For Cloudflare-fronted custom domains, set Cloudflare DNS to "DNS only" (grey cloud) during verification, then re-enable proxy.

Cloud Functions v2

Cloud Functions v2 is a thin wrapper over Cloud Run — same scaling, same container, but the platform builds the container for you from a source function. Use it when you want zero Dockerfile boilerplate for a single event handler.

# HTTP function
gcloud functions deploy my-webhook \
  --gen2 --runtime nodejs20 \
  --region africa-south1 \
  --trigger-http --allow-unauthenticated \
  --entry-point handler \
  --source .

# Pub/Sub trigger
gcloud functions deploy on-event \
  --gen2 --runtime nodejs20 \
  --region africa-south1 \
  --trigger-topic my-topic \
  --entry-point onEvent \
  --source .

# GCS object-created trigger
gcloud functions deploy on-upload \
  --gen2 --runtime nodejs20 \
  --region africa-south1 \
  --trigger-bucket my-bucket \
  --entry-point onUpload \
  --source .

// index.ts
import { http, cloudEvent } from '@google-cloud/functions-framework';

http('handler', (req, res) => {
  res.json({ ok: true, body: req.body });
});

cloudEvent('onEvent', (event) => {
  const data = Buffer.from(event.data.message.data, 'base64').toString();
  console.log('Pub/Sub:', JSON.parse(data));
});

When to use Functions over Cloud Run: a one-file glue handler with no build pipeline. When to skip Functions: anything with dependencies, multi-route, or that benefits from a Dockerfile — Cloud Run direct is cleaner and the same runtime.

GKE

GKE runs Kubernetes. Pick the mode first:

Mode	Control over nodes	Billing	Best for
Autopilot	None — Google manages	Per pod vCPU/mem + cluster fee	Default — ops-light K8s
Standard	Full — you pick VMs	Node VMs + cluster fee	DaemonSets, GPU pools, custom kernels

Autopilot cluster

gcloud container clusters create-auto my-cluster \
  --region africa-south1 \
  --release-channel regular

# Get kubeconfig
gcloud container clusters get-credentials my-cluster --region africa-south1

# Deploy
kubectl apply -f deployment.yaml

# deployment.yaml
apiVersion: apps/v1
kind: Deployment
metadata:
  name: my-service
spec:
  replicas: 3
  selector: { matchLabels: { app: my-service } }
  template:
    metadata: { labels: { app: my-service } }
    spec:
      serviceAccountName: my-service-ksa   # bound to GCP SA via Workload Identity
      containers:
        - name: app
          image: europe-west2-docker.pkg.dev/my-app-prod/my-repo/my-service:v1
          ports: [{ containerPort: 3000 }]
          resources:
            requests: { cpu: 250m, memory: 512Mi }
            limits:   { cpu: 500m, memory: 1Gi }
          readinessProbe:
            httpGet: { path: /health, port: 3000 }
---
apiVersion: v1
kind: Service
metadata: { name: my-service }
spec:
  type: LoadBalancer
  selector: { app: my-service }
  ports: [{ port: 80, targetPort: 3000 }]

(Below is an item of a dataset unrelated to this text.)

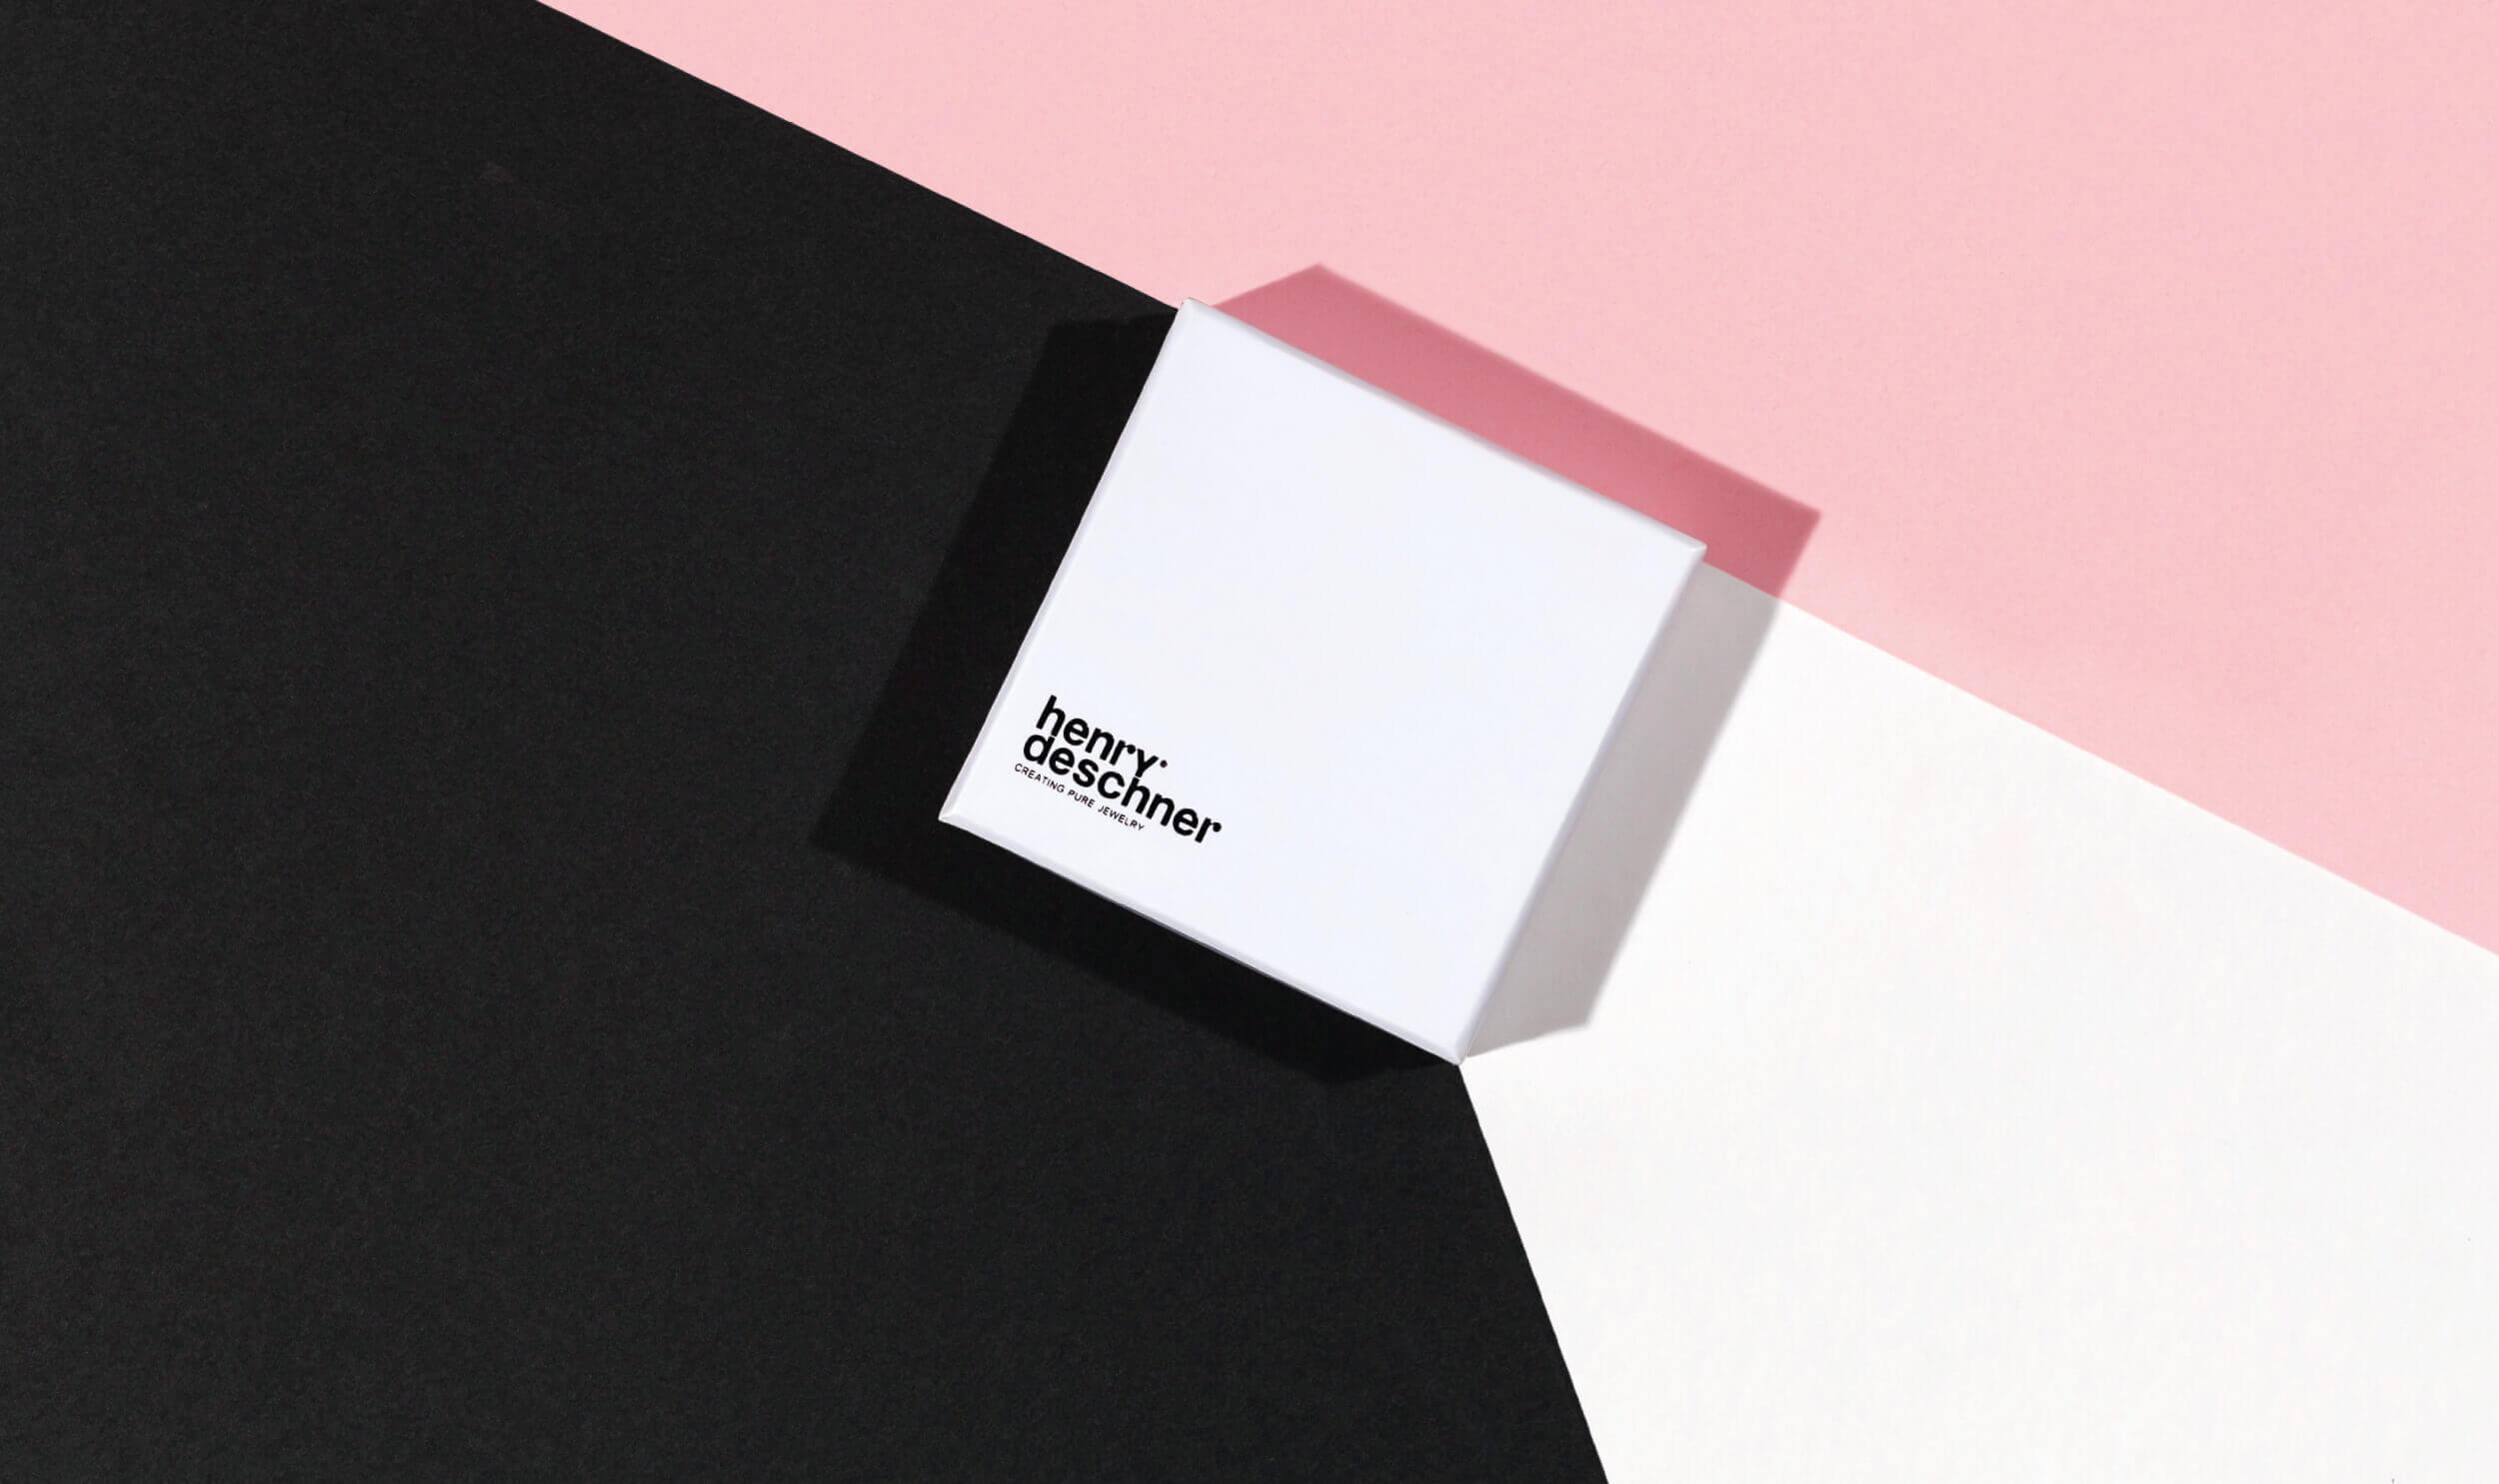 cyclos deschner henry logo packaging

Workload Identity (GKE pod → GCP service account)

# Bind Kubernetes SA (KSA) to GCP SA (GSA) — no JSON keys in the pod
gcloud iam service-accounts add-iam-policy-binding \
  [email protected] \
  --role roles/iam.workloadIdentityUser \
  --member "serviceAccount:my-app-prod.svc.id.goog[default/my-service-ksa]"

kubectl annotate serviceaccount my-service-ksa \
  iam.gke.io/gcp-service-account=my-service-gsa@my-app-prod.iam.gserviceaccount.com

Now pods running as my-service-ksa get GCP-scoped tokens automatically via the metadata server. No key files in the container.

Compute Engine (VMs)

Use GCE when you need persistent VMs: legacy workloads that don't containerise, GPU/TPU specialisation, or very high-utilisation steady-state where committed-use discounts beat Cloud Run.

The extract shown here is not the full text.